Revenue was up 27% year-on-year from US$25.5 million to US$32.5 million, and annual recurring revenue (ARR), was up 8% from the end of the previous quarter and 26% year-on-year to US$56.9 million.
In prepared remarks, Stem Inc. CEO Arun Narayan attributed the improved position to a combination of growth in revenue from software, namely Stem’s focus on its PowerTrack clean energy asset management tool, and reduction in operating expenses (Opex), including around US$30 million savings through workforce reduction.
NYSE listing warning, change of CEO at Stem amid strategy shift
Although the company described itself as the “first publicly-traded smart energy storage company” when its shares listed on the New York Stock Exchange (NYSE) in April 2021 after a special purpose acquisition company (SPAC) merger, it announced a wholesale turnaround in strategy last year.
The company’s background is in the C&I energy storage market of California, where it began deploying lithium-ion (Li-ion) systems for customers on an energy storage-as-a-service business model, reducing electricity bills through demand charge-based peak shaving, and earning revenues through grid services.

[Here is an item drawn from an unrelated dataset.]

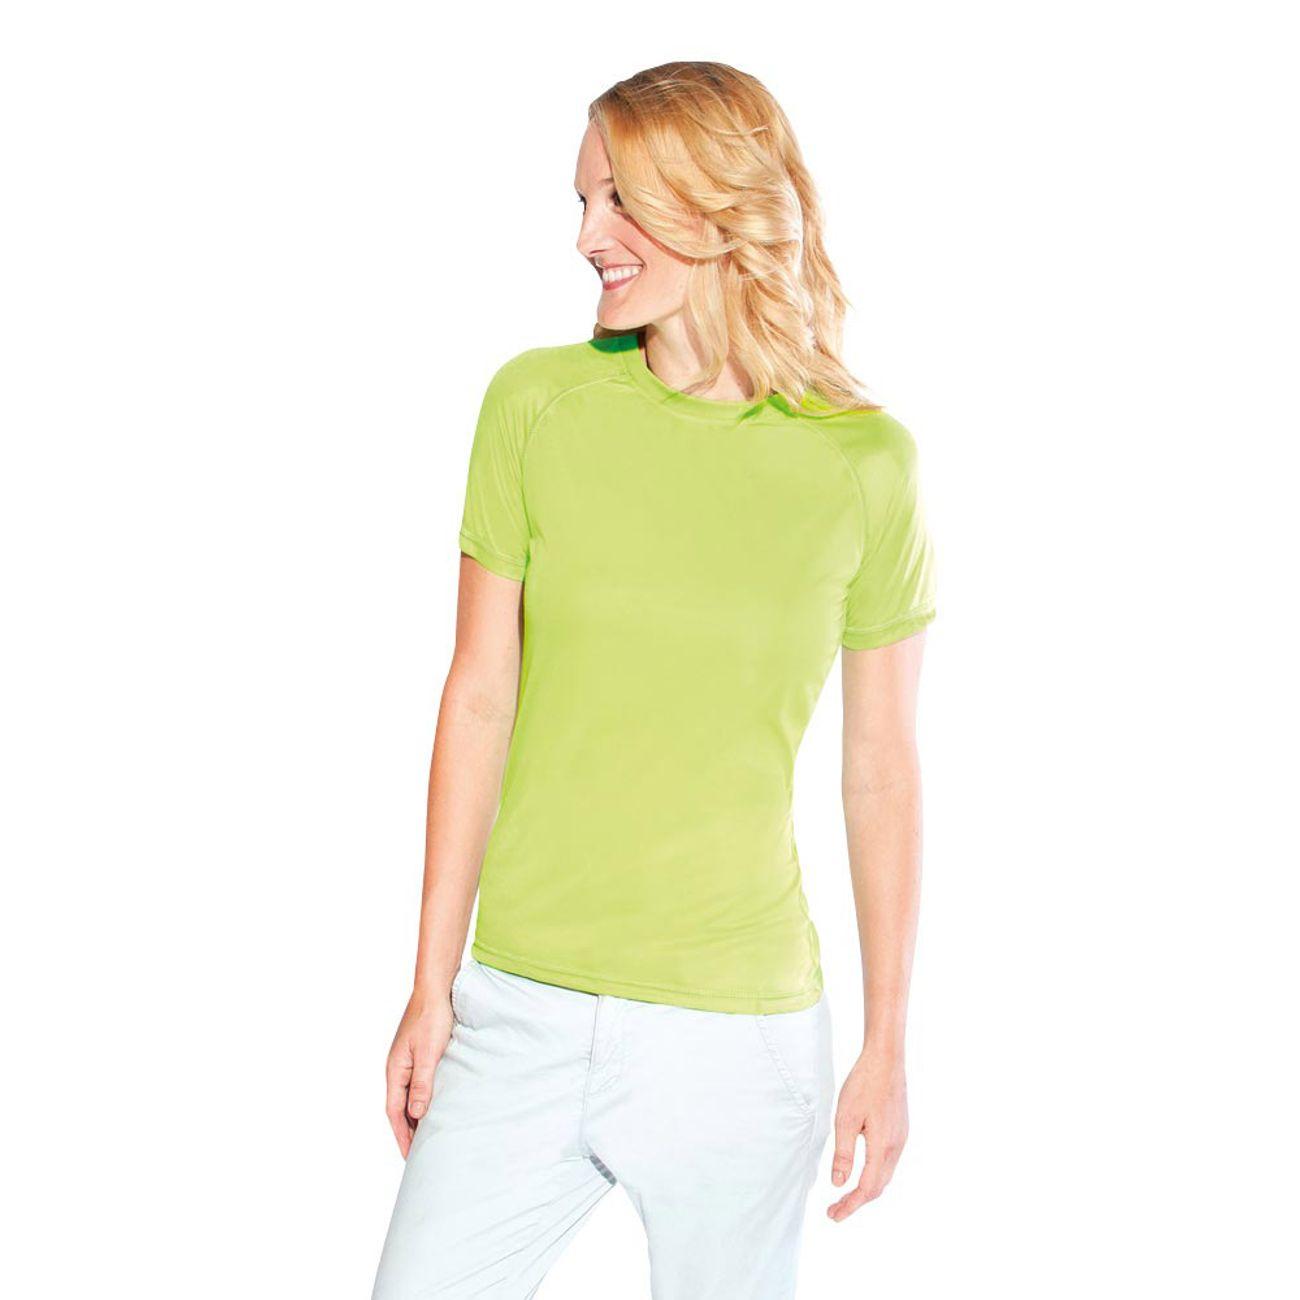 6118d2b802758 t-shirt-sport-femme-grande-taille_1_v1.jpeg

It had expanded into other markets across the US and internationally, including small front-of-the-meter (FTM) solar-plus-storage systems in Massachusetts, serving customers with third-party battery storage and its own software and hardware solutions.
However, it had always said its USP was with its software-driven controls and optimisation of clean energy assets, and the company leaned further into this area, acquiring a solar PV asset management company, Also Energy, in 2022.
Longstanding CEO John Carrington left the company as Stem failed to deliver on an EBITDA-positive guidance for 2024, and it received a NYSE continued listings warning as its shares fell below the required threshold.
Under incoming CEO Narayanan, it accelerated its pivot to focus on its higher-margin software and services from Q4 2024 and although the decline in battery hardware sales led to a 69% fall in annual revenues, the CEO said last quarter that the updated strategy “is designed to drive sustained, scalable growth in recurring software and services revenue.”
In an earnings call to explain results, Justin Clare, an analyst from Roth Capital, asked company leadership about the expected impact of US tariffs on Stem’s energy storage business, especially for customers “that might not have batteries in the US right now.”
CFO Doran Hole said that OEM battery storage hardware sales “are not a significant component of the business going forward,” with just US$35 million in revenue for the business line reported in Q1.
Stem is in “close dialogue” with the three BESS OEM providers it currently sources with, including US and Chinese companies. However, the “negligible” direct impact of tariffs could be passed onto customers without too much concern, Hole said.
Asked by Roth Capital’s Justin Clare what the impact of tariffs might be on customer demand and ability to secure software and services contracts, the CFO said storage contracts for 2025 would be largely driven by contracted backlog, and that for solar PV, the company had not seen a noticeable decrease in customer activity as yet.